• _Raw data_
Start of Block

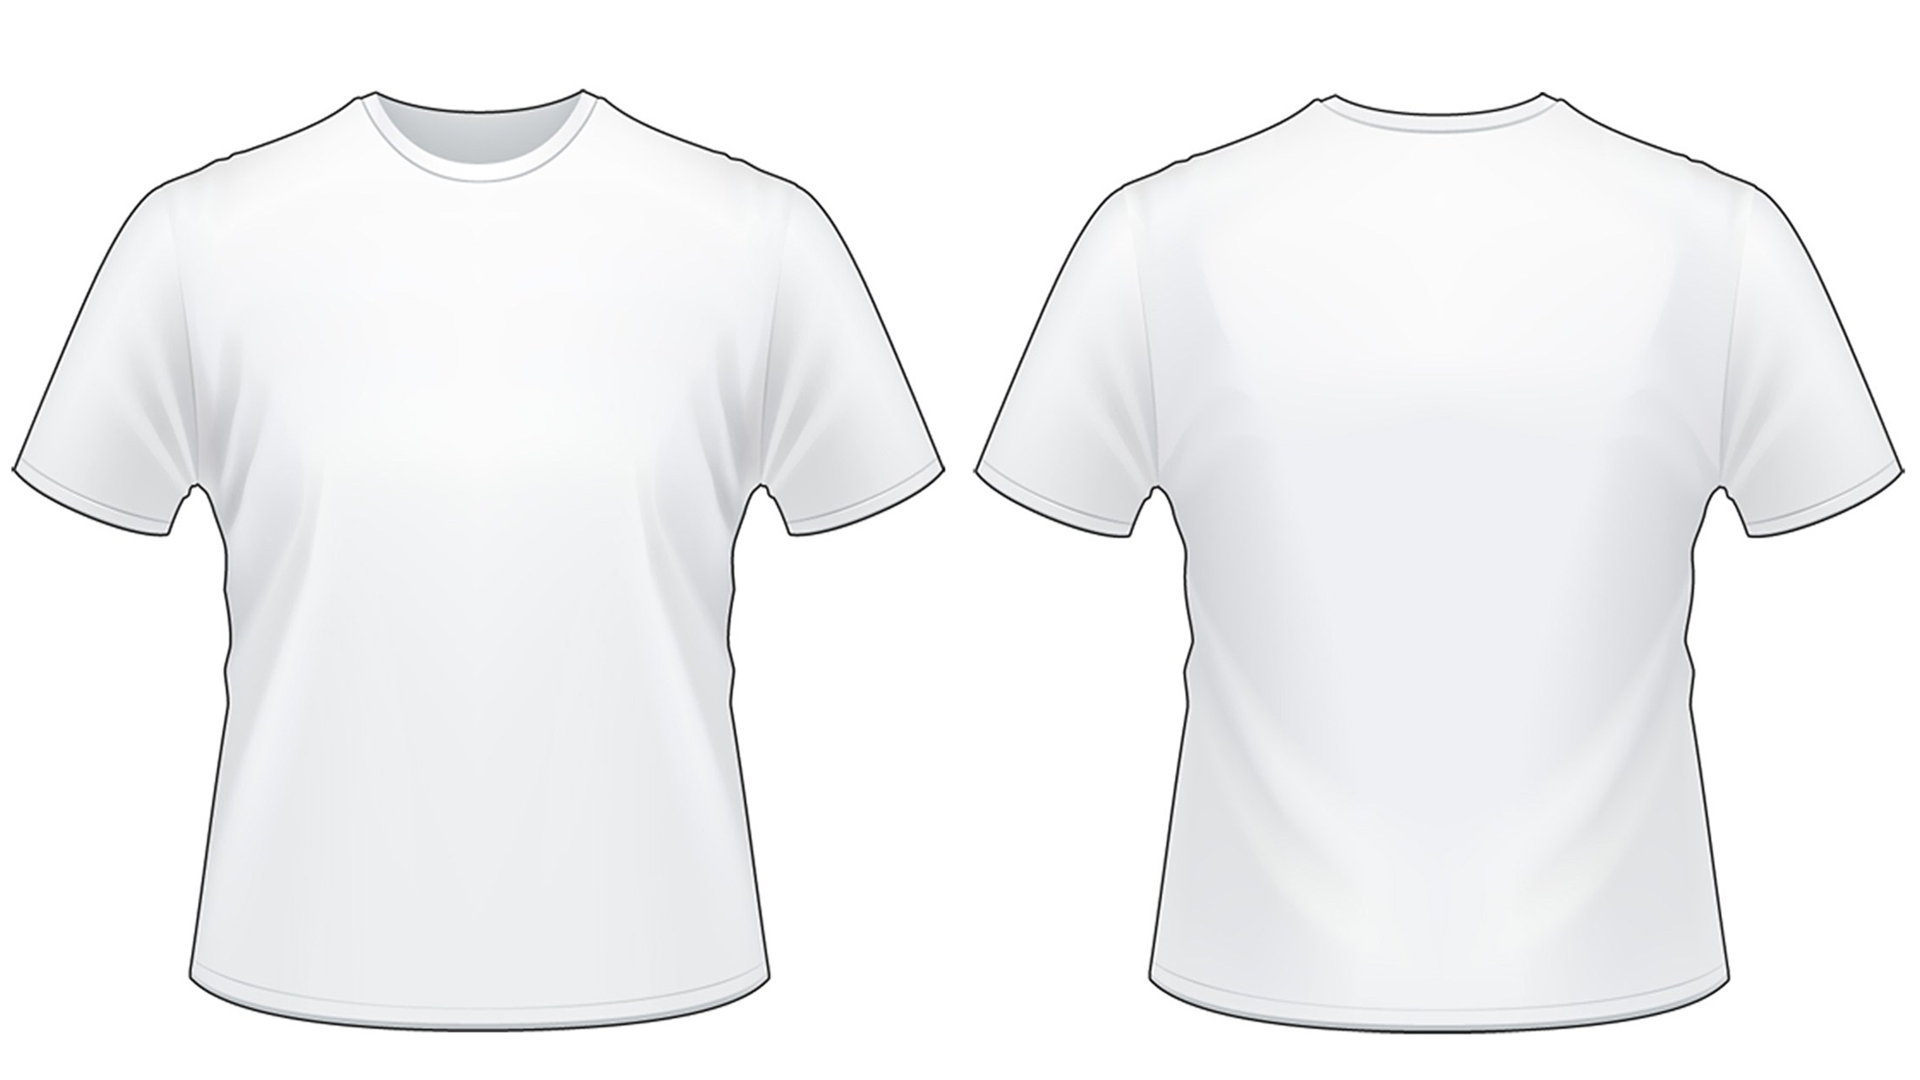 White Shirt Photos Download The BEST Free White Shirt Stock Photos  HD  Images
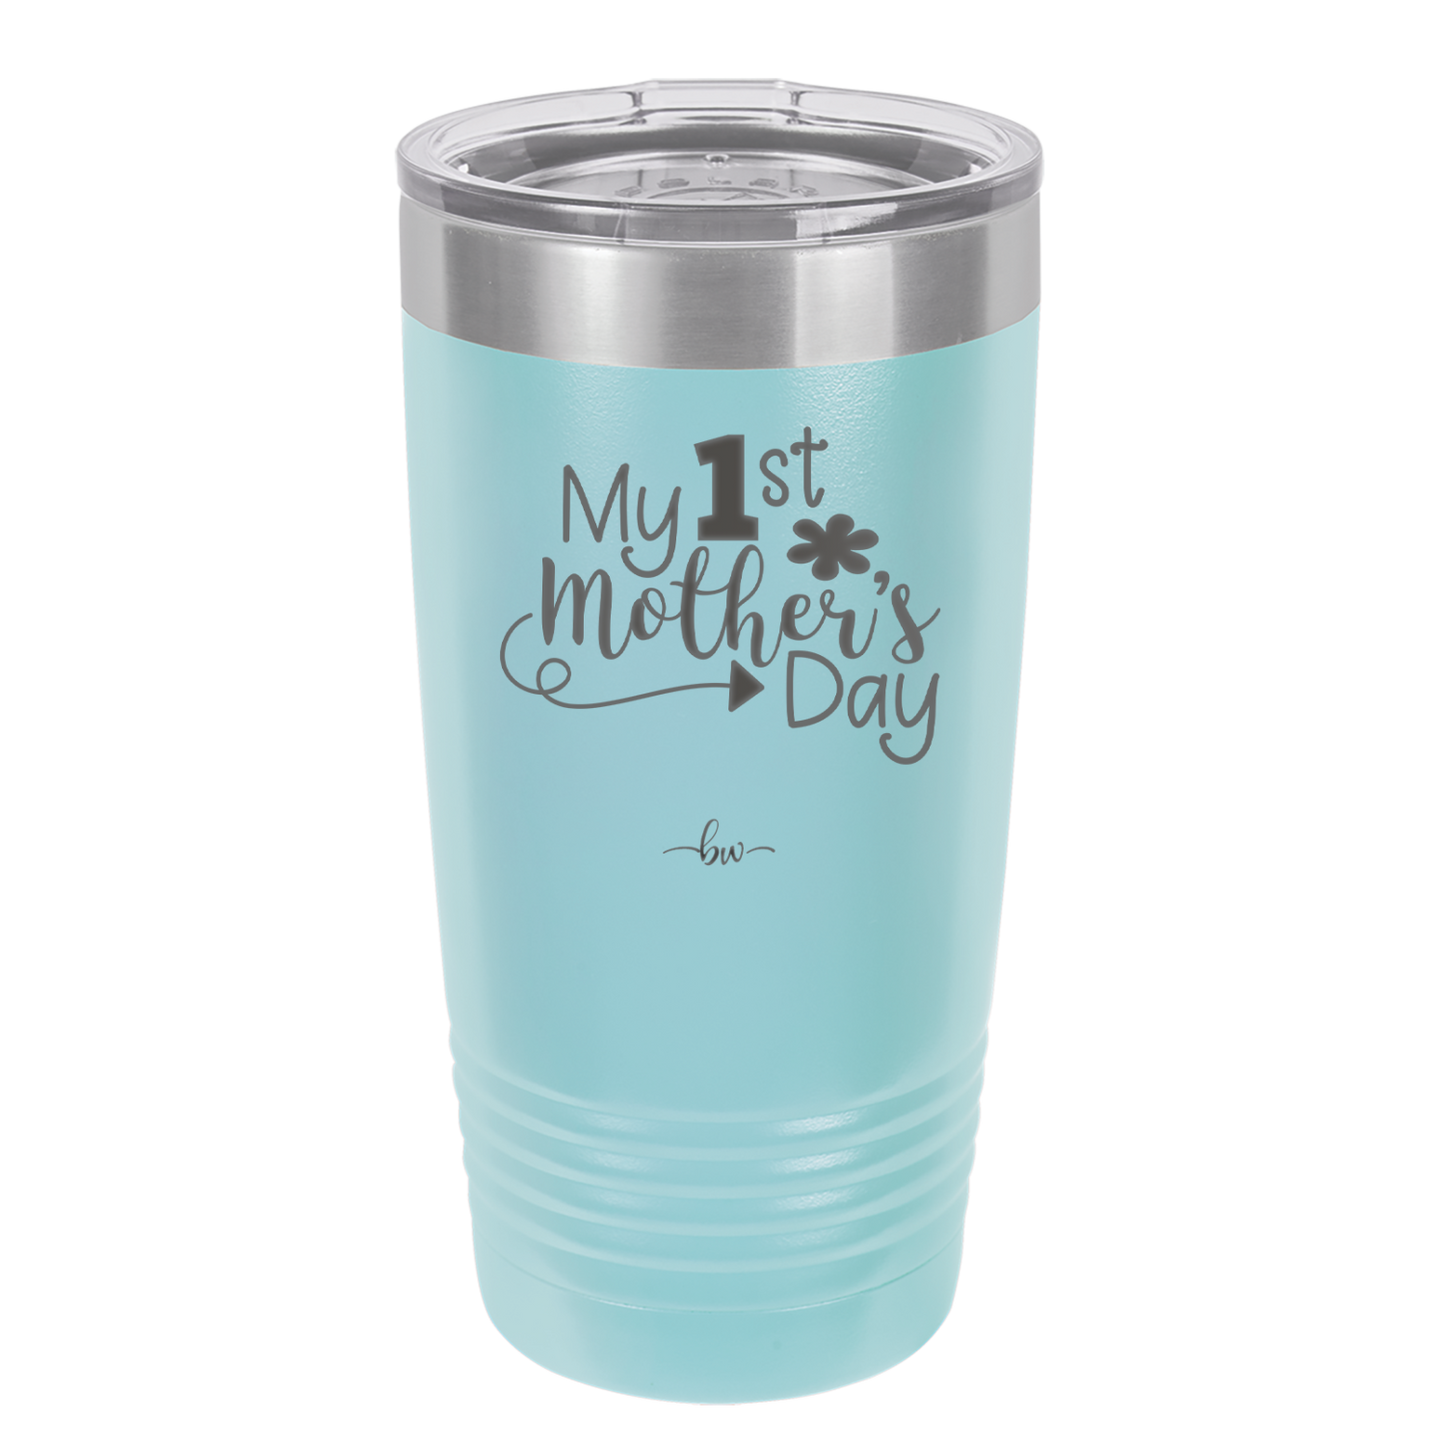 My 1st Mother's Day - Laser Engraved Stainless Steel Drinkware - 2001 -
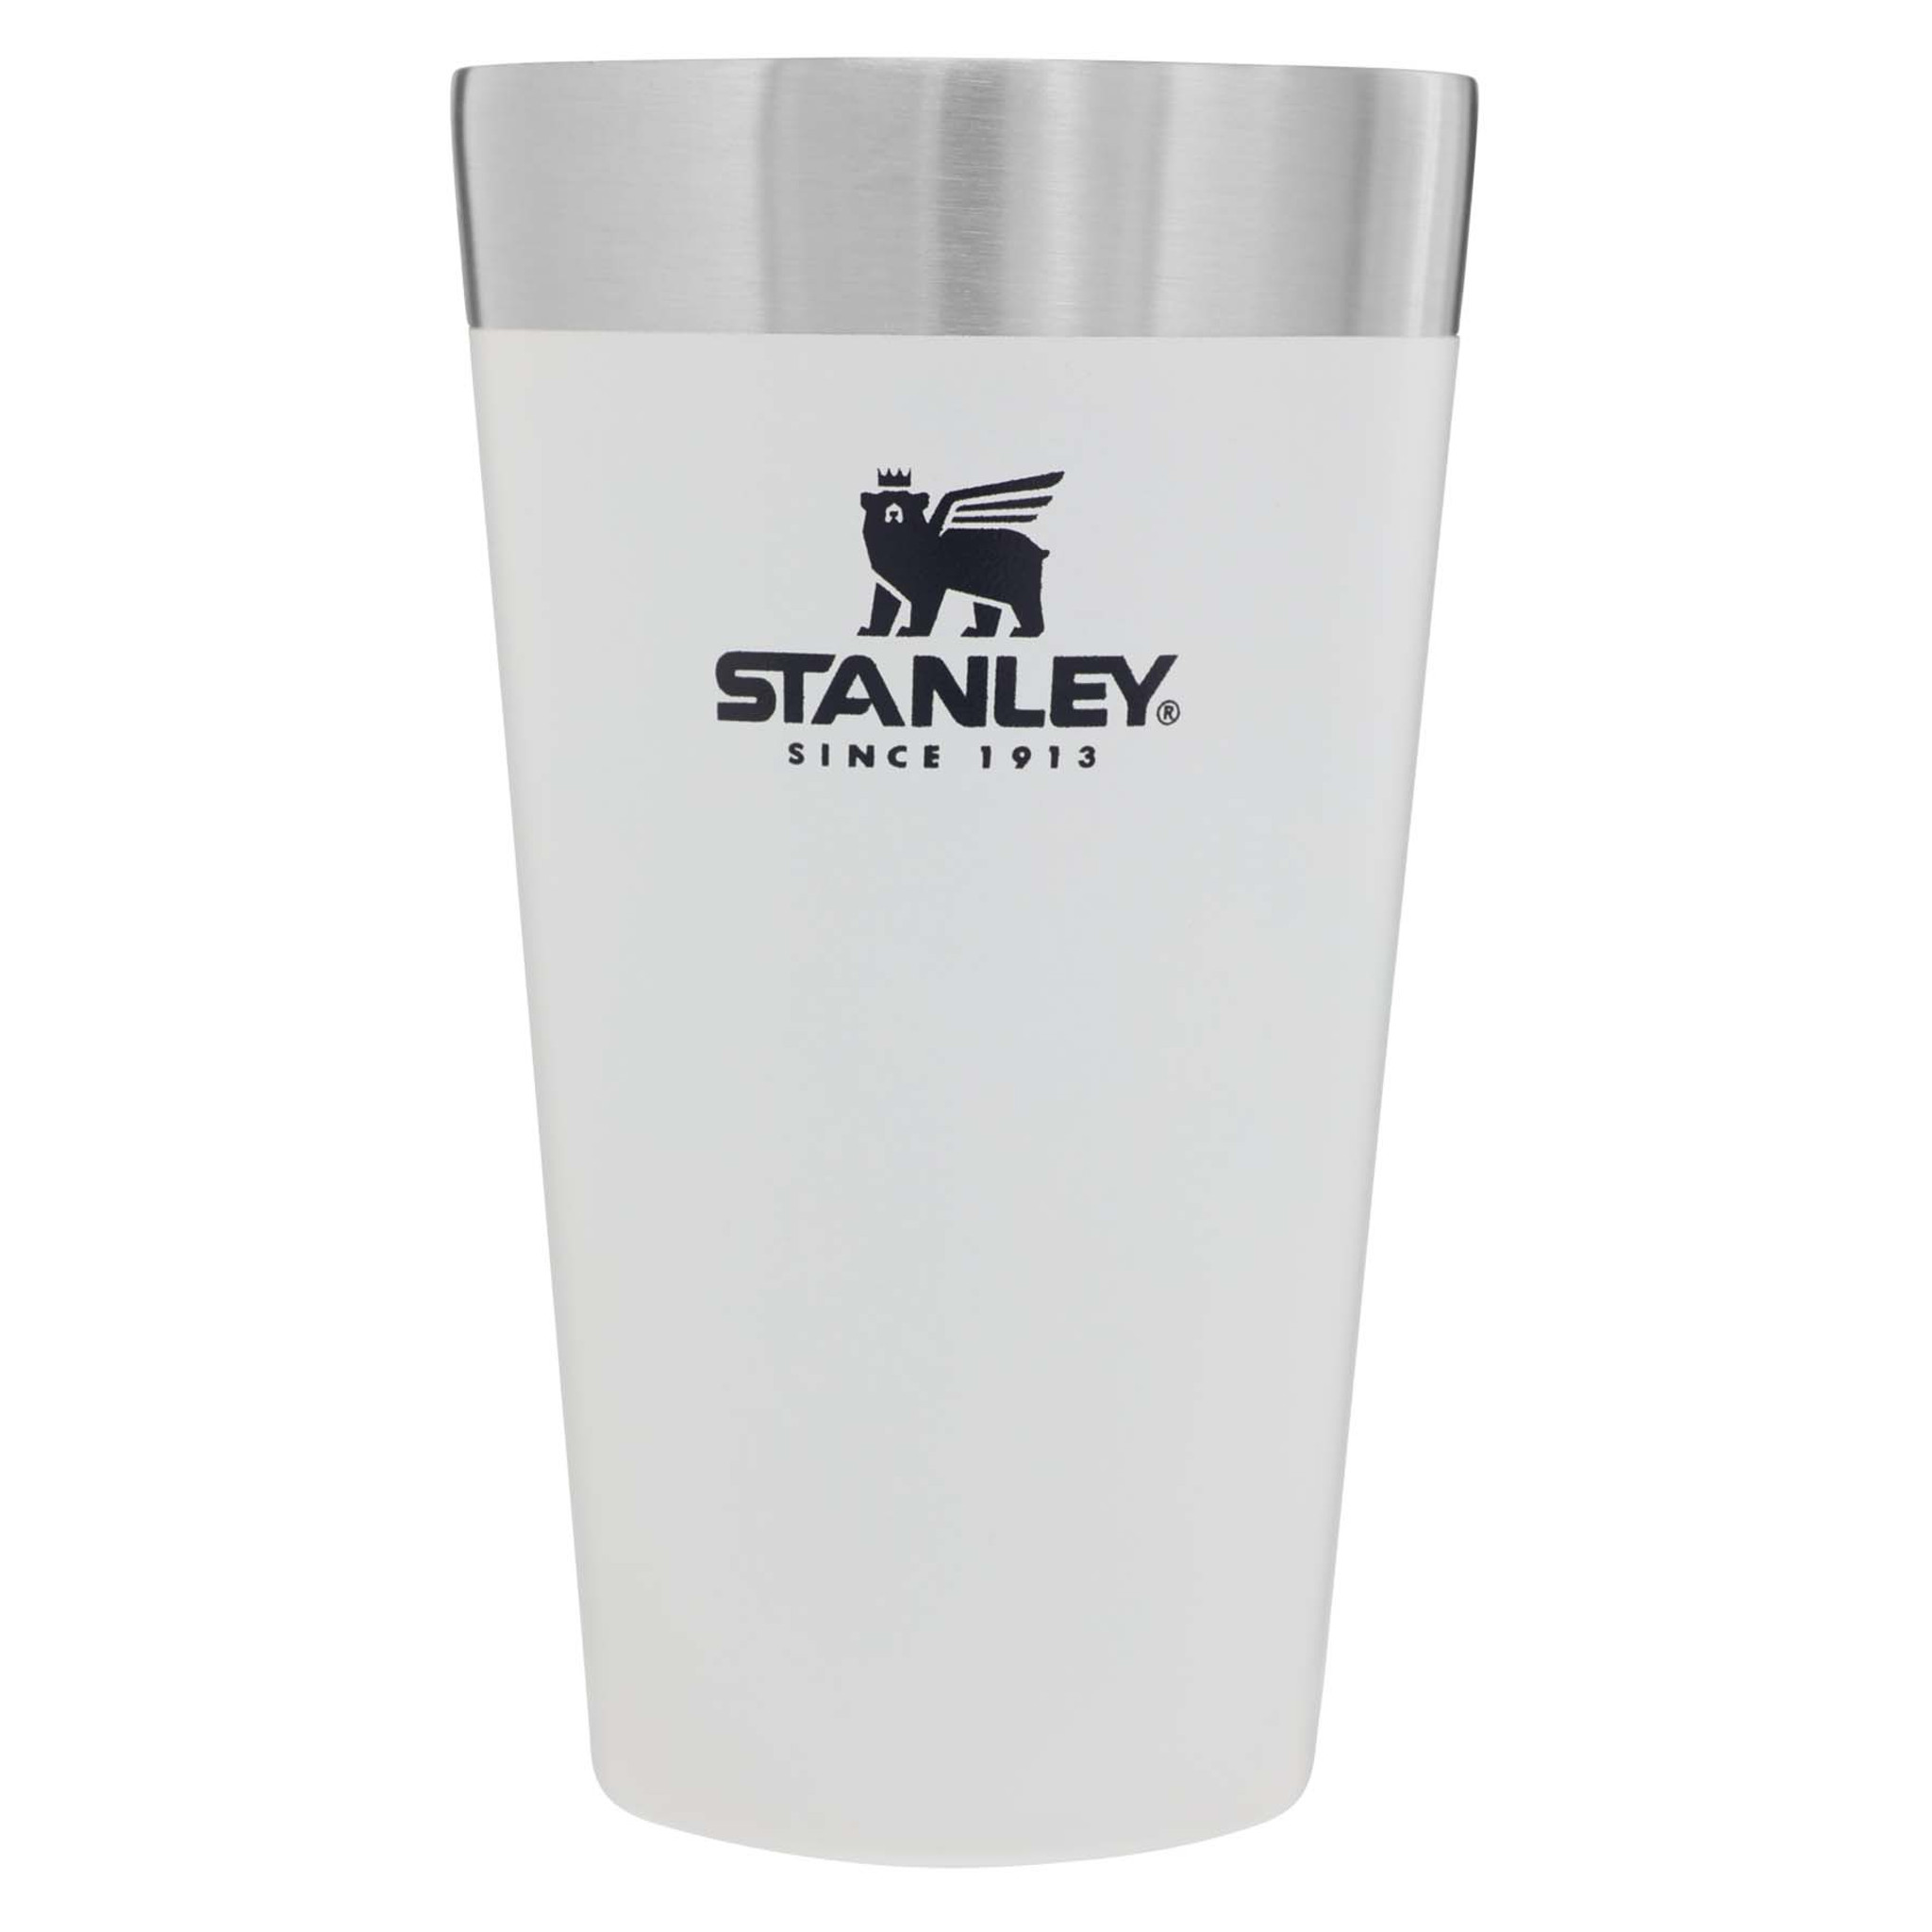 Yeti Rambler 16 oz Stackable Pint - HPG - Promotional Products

End of Block

• _Requirement_
Retype the data above exactly. Do not carry over any images.

• _Written response_
 White Shirt Photos Download The BEST Free White Shirt Stock Photos  HD  Images
 My 1st Mother's Day - Laser Engraved Stainless Steel Drinkware - 2001 -
 Yeti Rambler 16 oz Stackable Pint - HPG - Promotional Products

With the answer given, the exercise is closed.